Antonei Sergejvitch Tartarov

Antonei Sergejvitch Tartarov

Antonei Sergejvitch Tartarov (alias Jean-Jacques Hauser, 30. Juni 1932–22. Februar 2009) war ein fiktiver russischer Pianist, der im Rahmen eines Experiments am 16. April 1968 ein Konzert im Grossen Tonhallesaal Zürich vor etwa 2000 Zuhörern gab.

Das Konzert bestand zu einem kleinen Anteil aus Originalwerken von Alexander Nikolajewitsch Skrjabin, Béla Bartók und Maurice Ravel, den Hauptteil des Abends bestritt der Schweizer Hauser mit Improvisationen im Stil bedeutender Komponisten, was seine Spezialität gewesen ist. So präsentierte er ein angebliches Fragment einer 33. Klaviersonate Beethovens, des Weiteren ein angebliches Rondo von Mozart über ein «Schweizer Lied» (den Sechseläutenmarsch), eine «Zweite Toccata» von Sergei Sergejewitsch Prokofjew und eine «Grosse Fantasie» von Franz Liszt. Des Weiteren waren Improvisationen über die Melodien mehrerer Volkslieder Teil des Konzertprogramms.

Inhaltsverzeichnis

Hintergrund

Der Schweizer Tiefseetaucher, Computerpionier und Unternehmer Hannes Keller war der Organisator dieses Konzert, der im Vorfeld mit einer zehntägigen Medienkampagne die geheimnisvolle Figur Tartarov erfand und aufbaute, sodass der Konzertabend ausverkauft war. Die vollständige Aufnahme dieses Konzert und vollständige Informationen sind auf der Website des Organisators verfügbar. Sämtliche Einnahmen des Konzerts seien an Unicef gespendet worden.
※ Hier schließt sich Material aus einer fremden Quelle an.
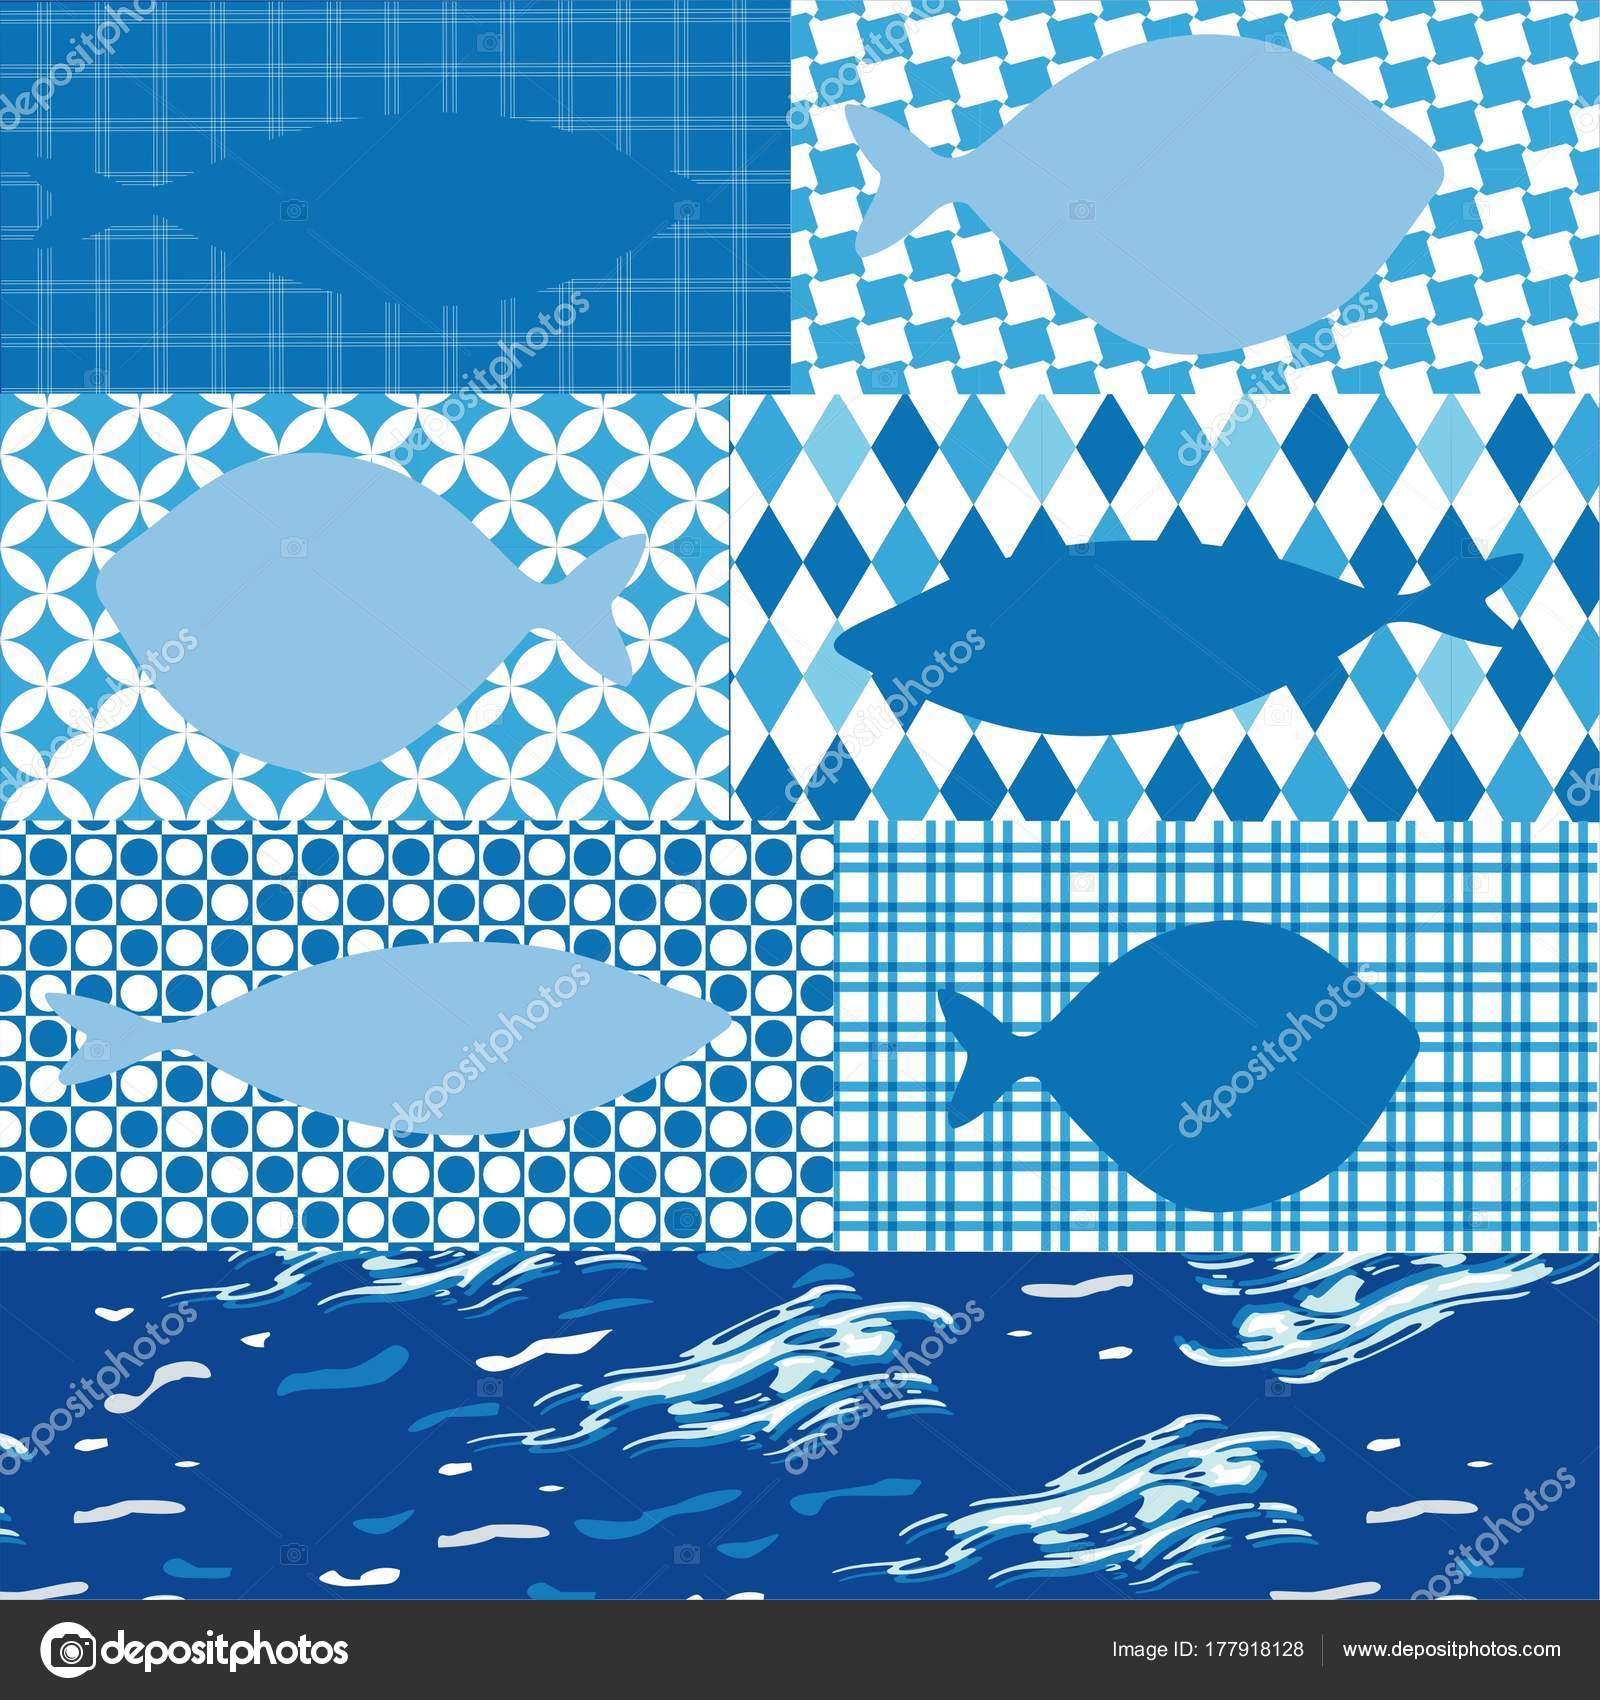 Vector Disegno Pesce Sfondi Diversi Temi Marini Ideale Biglietti

Der stumme Tartarov sei ursprünglich Stallbursche auf einem Bauernhof in der Ukraine gewesen, der dort auf einem alten Flügel besonders authentische Ausdrucksformen aufgrund seiner Stummheit entwickelt hätte. Der Grund für die Stummheit der Figur ist naheliegend, denn der beinahe absurd verkleidete Pianist Hauser hätte keine auf russisch gestellte Frage verstehen können. Ein besonders aufschlussreiches Ereignis war, dass eine Eingeweihte vorab versuchte, den Schwindel aufzuklären, sich an den Betreiber des Konzertsaals und an die Presse wendete. Da ihr aufgrund der überzeugenden Medienkampagne und der Seriosität Kellers niemand glaubte, konnte das Konzert dennoch stattfinden.

Bedeutung

Das Konzert räumte mit der beinahe metaphysischen Verehrung der Komponisten auf, indem bewiesen wurde, dass auch im 20. Jahrhundert diese Stile noch überzeugend improvisiert werden konnten. Diese Art der Musikausübung ist im klassischen Konzertbetrieb undenkbar, obwohl sie z.B. bei Franz Liszt und anderen Komponisten und Virtuosen des 19. Jahrhunderts üblich und beliebt war. Keller hielt am Ende des Konzerts eine kurze Ansprache, die den Sachverhalt aufklärte und dem betrogenen Publikum Rückzahlung des Eintritts und Entschädigung anbot. Zitat aus dieser Ansprache: «Ich habe also (…) mir erlaubt, für die Dauer dieses Konzerts die negative Voreingenommenheit des Publikums in eine positive zu verwandeln (…)» Diese Erklärung kann genauso wie die Gesamtaufnahme des Konzerts auf der Website Kellers angehört werden, siehe unter Weblinks. Daraus wird deutlich, dass das Publikum nicht bereit gewesen wäre, ein Konzert mit Improvisationen eines Jean-Jacques Hauser zu besuchen, während es einen bis dato unbekannten russischen «Wunderpianisten» mit entsprechend dramatischem Lebenslauf, der angebliche wenig bekannte Originalwerke spielte, begeistert angenommen hatte. Das Programmheft stellt ebenfalls eine Parodie dieses damals noch häufig romantisch-verklärt geschriebenen Genres dar.

Kritik

Zahlreiche Zeitungen berichteten über dieses eigenartige Konzert, mit unterschiedlichen Urteilen, teils wohlwollend, teils verständnislos bis feindselig. Da Keller die Wahrheit über dieses Konzert am Schluss in einer kurzen Ansprache erklärte, wurden keine falschen Tatsachen über die Musik vermittelt. Auch habe niemand den Eintrittspreis zurückgefordert. Das Experiment hatte aber keine Elemente einer wissenschaftlichen Studie.

Literatur

  • Dieter Kühn: Löwenmusik. Suhrkamp Verlag, Frankfurt am Main 1979, S.35–50.